- Your goal: Every line of the listing belongs in your answer exactly as written; the images do not.

- Data section:
━━━━━━━━
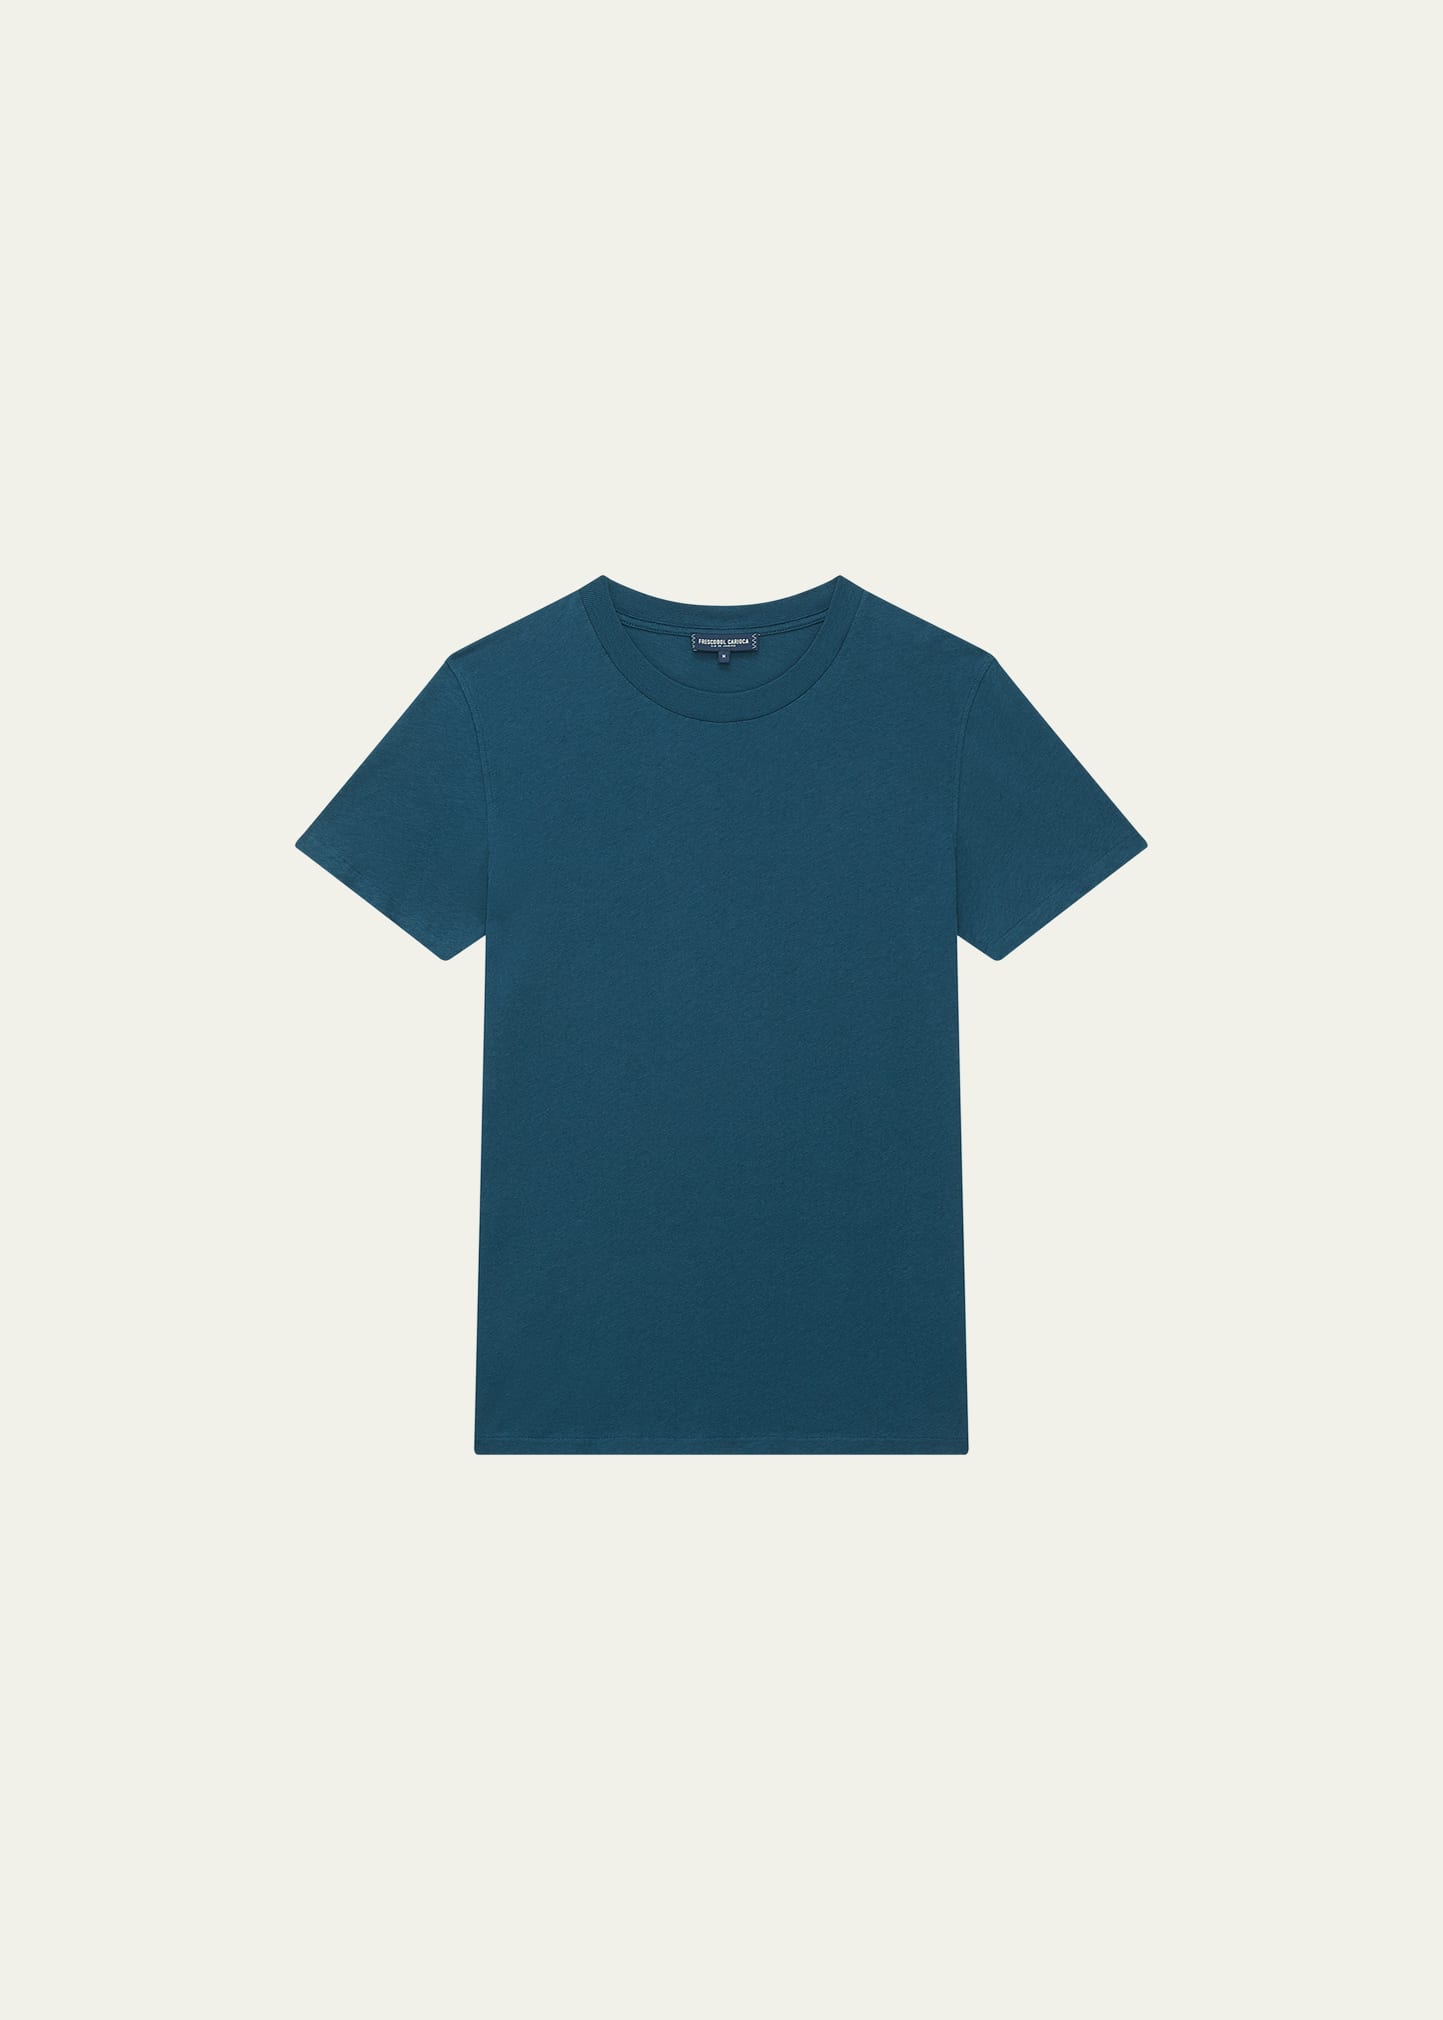 Frescobol Carioca Men's Cotton Linen Short-sleeve T-shirt In Perennial Blue 75
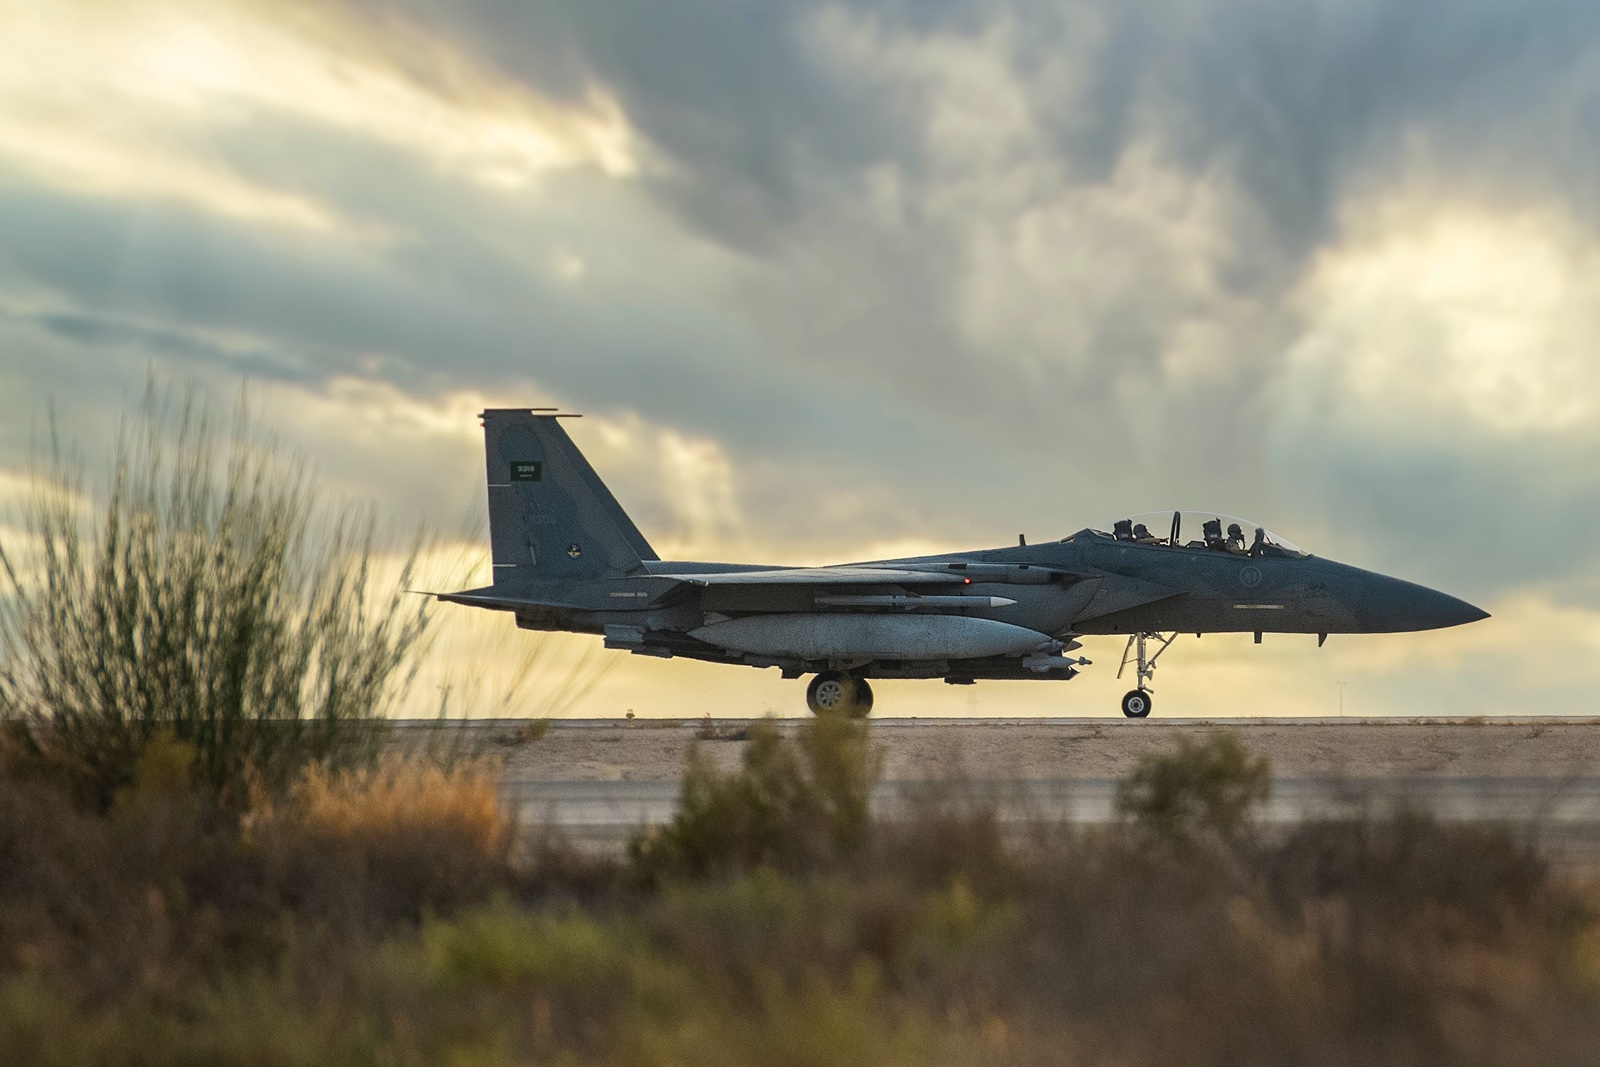 F16 Τουρκία: Πέρασε στις ΗΠΑ η πρώτη τροπολογία για το μπλόκο
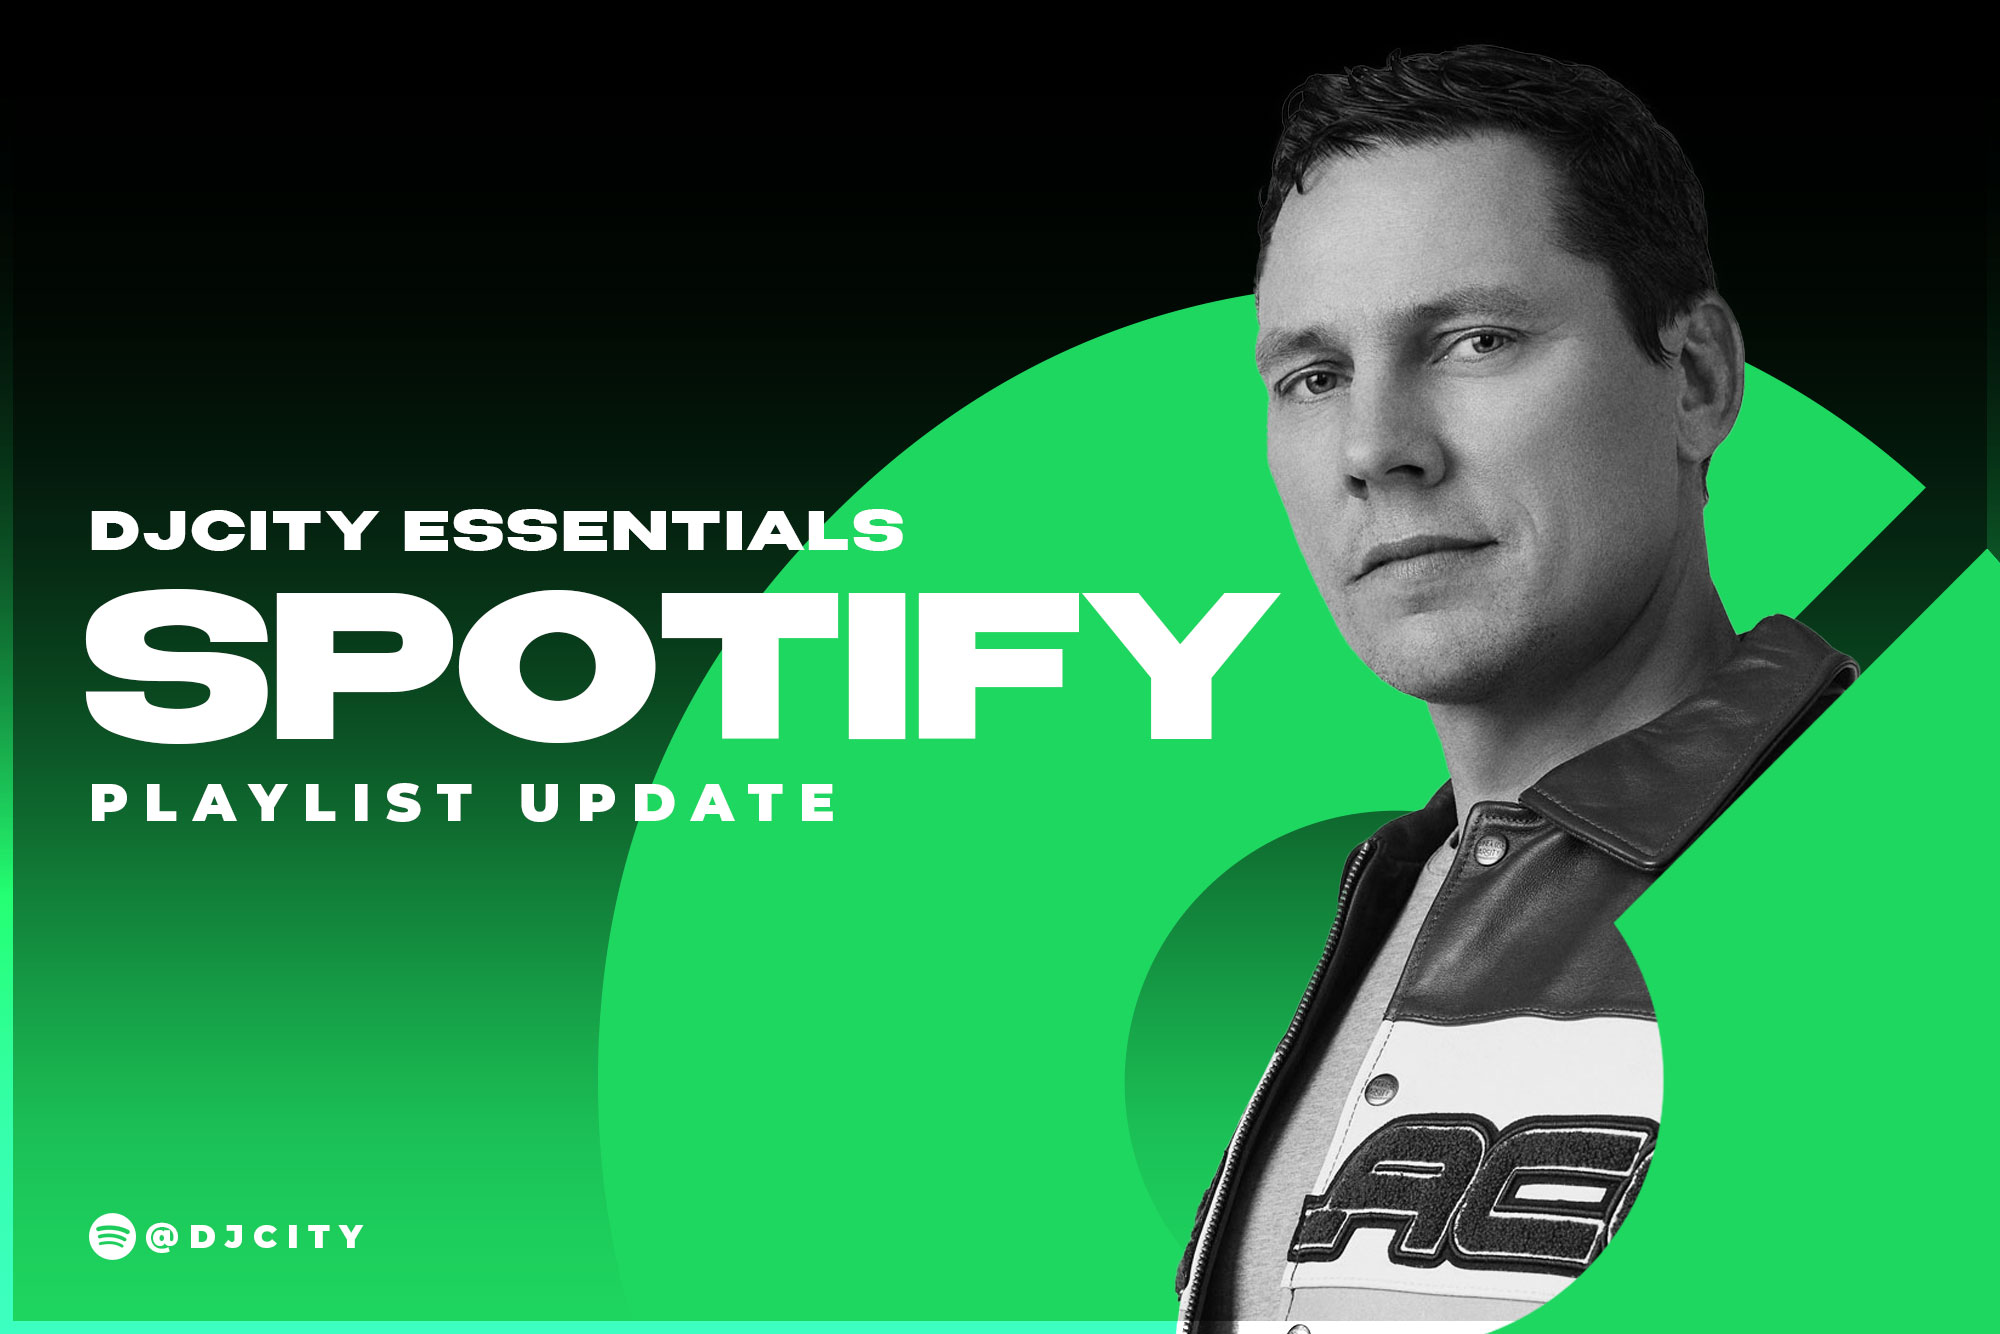 DJcity’s Spotify Playlist Update: Apr. 20
━━━━━━━━
- The completed task:
 Frescobol Carioca Men's Cotton Linen Short-sleeve T-shirt In Perennial Blue 75
 F16 Τουρκία: Πέρασε στις ΗΠΑ η πρώτη τροπολογία για το μπλόκο
 DJcity’s Spotify Playlist Update: Apr. 20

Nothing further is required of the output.